Gerecht/Wright want us to “First, hold a genuine two-way dialogue.” Alas. This is simply more wishful thinking. No such conversation is possible because the other side has no “genuine” interest in negotiation. However, like the Israelis with the Palestinians, we could forge ahead regardless and attempt such a dialogue. The recently departed Mr. Arafat, and the organization(s) he represented, were received (indeed fêted) by the UN, the EU and the Arab League. Israel, via a plethora of major and minor US brokered agreements, (most notably Oslo), conceded to literally 95% of the Palestinian demands. And what has this bought? Today Israel is a place where jihadists run rampant …where becoming a suicide bomber and blowing up a school bus full of Jewish children earns your mother both a hefty check and bragging rights on Arab television.
There can be no “genuine two-way dialogue” with a party whose ultimate goal is to see you dead. Hussein Massawi (of Hezzbolah) famously responded to just such an overture: “We are not fighting so that you will offer us something. We are fighting to eliminate you.”
Wright’s second concrete proposal was “… to use economic tools … (for example) the United States could use WTO membership to induce change and force countries to embrace the rule of law.” Iran can counter (with 100% veracity) that they already embrace the “rule of law” … Islamic law. And, according to the “let it roll embrace the Islamists” line of reasoning on what authority are we to argue our rule of law is superior to theirs and still maintain sufficient credibility to maintain our “genuine two-way dialogue”?
The third prong of Wright’s solution consists in the admonition that we “Embrace our own Islamic identity.” Nothing the author writes in the following paragraph explains precisely what this is supposed to mean. To be fair he seems to be arguing that Muslims in democratic societies must be afforded protection of the law and all rights associated with citizenship. But, Muslims in true democracies are afforded protection of the law and the rights of citizenship. Ironically in no small measure that is precisely why Muslims from around the world immigrate to western democracies in such large numbers. They have no such rights within Islam! Given the economic and social status of the American Muslim community the author’s contention that Muslims are somehow “on the fringe” of American society is simply laughable.

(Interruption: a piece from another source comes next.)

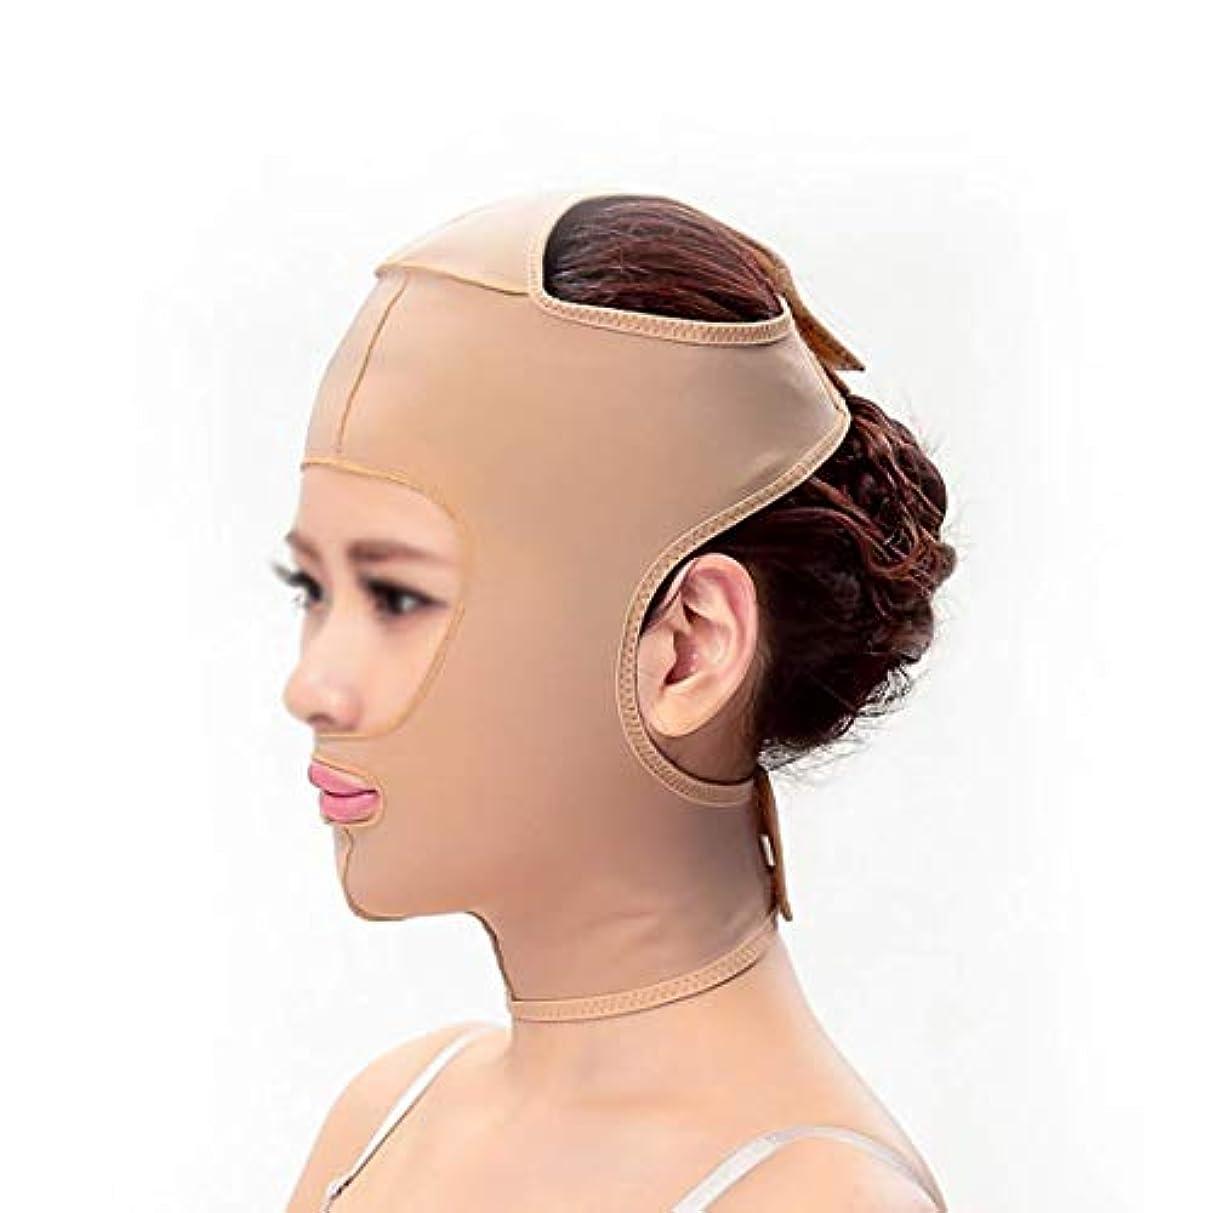 入札カウボーイ逆にスリミングベルト、二重あごの引き締め顔面プラスチックフェイスアーティファクト強力なフェイスバンデージをサイズアップするために顔面マスクシンフェイスマスク,S

On a more parochial level it may be worthwhile to reflect upon the likely reaction of my multiculturalist Superintendent were I to distribute an article that called upon Muslim Americans to “embrace their own Christian Identity.”
At the level of the individual religious tolerance … indeed deep and meaningful respect for religious teachings other than one’s own … does not require one to abandon either logic or the fundamental tenants of one’s own faith. My faith demands that I love, respect and accept people of all faiths. But neither faith, law or logic require that I embrace the teachings those faiths espouse.
Radical Islam is not a cultural misunderstanding or a political movement. It is a pernicious evil. Evil is like alcoholism. The first step in it’s defeat is to recognize it for what it is and deal with it from there on that basis. The evil of radical Islam must be called by its true name as a first step. That the Washington Post, (not to mention my boss’s boss’s boss), cannot do even this much is a symptom of the Liberal uber-tolerance that inevitably leads to moral relativism and from thence ultimately to utter defeat.